Jeff Rodriguez wrote:

> if ( (string = realloc(string, (size + strlen(argv[i])) * 2)) ==
> NULL )
> {
> perror("Could not allocate memory");
> exit(1);
> }

Aside from a few other errors that have already been pointed out, I
don't think you should be calling perror without first checking the
value of errno. I don't know off the top if my head whether realloc is
required to set errno, but my guess is that it is not. If it doesn't,
you may end up getting something like this:

Could not allocate memory: No error

Or something even more confusing, if errno has previously been set by a
different function.

This is also a guaranteed memory leak if realloc fails. The correct way
to use realloc is to store the result into a temporary pointer, and only
assign it to the destination pointer if it is non-null.

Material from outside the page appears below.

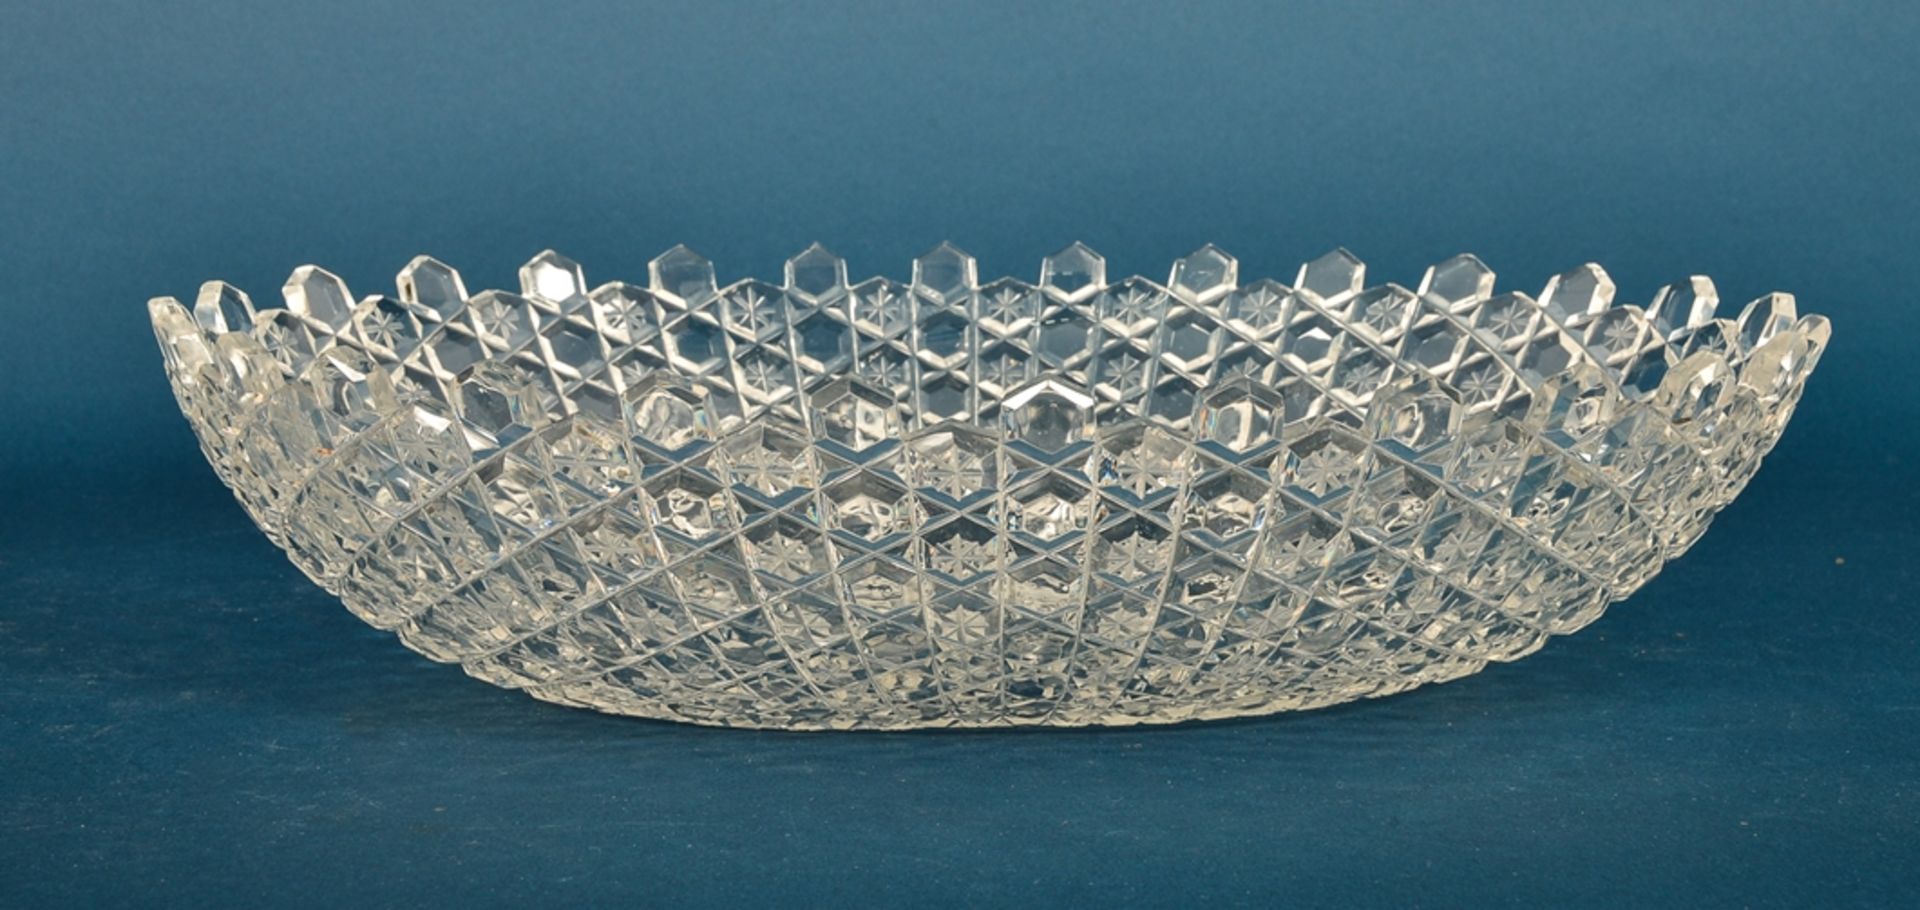 Große, ovale Kristallglas Schüssel, Länge ca. 38 cm, sehr schöner Erhalt, wohl 1930er Jahre. - Image 3 of 4

Finally, 1 is not a portable exit code. Consider using one of the
portable codes: 0, EXIT_SUCCESS, or EXIT_FAILURE.

-Kevin
--
My email address is valid, but changes periodically.
To contact me please use the address from a recent posting.

Kevin Goodsell wrote:
> Jeff Rodriguez wrote:
>
>> if ( (string = realloc(string, (size + strlen(argv[i])) * 2)) ==
>> NULL )
>> {
>> perror("Could not allocate memory");
>> exit(1);
>> }
>
>
> Aside from a few other errors that have already been pointed out, I
> don't think you should be calling perror without first checking the
> value of errno. I don't know off the top if my head whether realloc is
> required to set errno, but my guess is that it is not. If it doesn't,
> you may end up getting something like this:
>
> Could not allocate memory: No error
>
> Or something even more confusing, if errno has previously been set by a
> different function.
>
> This is also a guaranteed memory leak if realloc fails. The correct way
> to use realloc is to store the result into a temporary pointer, and only
> assign it to the destination pointer if it is non-null.
>
> Finally, 1 is not a portable exit code. Consider using one of the
> portable codes: 0, EXIT_SUCCESS, or EXIT_FAILURE.
>
> -Kevin

Not that I typically do the above (note how I said crude code), but how would
this be a guaranteed memory leak? If realloc fails the program exits. I'm not
sure I understand how that would cause a memory leak.

Jeff

Jeff Rodriguez wrote:
> Ben Pfaff wrote:
>
> > It depends on the operating system, shell, and other things. If
> > all you want to do is to break apart the string into words at
> > white space, I suggest you just write code to do it. It's not
> > too hard.
>
> Indeed: (crude code)
> #include <stdio.h>
> #include <string.h>
> #include <unistd.h>

*** Non-existent standard include ***

> #include <stdlib.h>
>
> int main(int argc, char *argv[])
> {
> int i;
> char *string = NULL;

*** Invading the systems name space. Use another id ***

> char *str = NULL;
> int size = 0;
>
> for ( i = 1; i < argc; i++ )
> {
> if ( strlen(argv[i]) > size )
> {
> if ( (string = realloc(string, (size + strlen(argv[i])) * 2)) == NULL )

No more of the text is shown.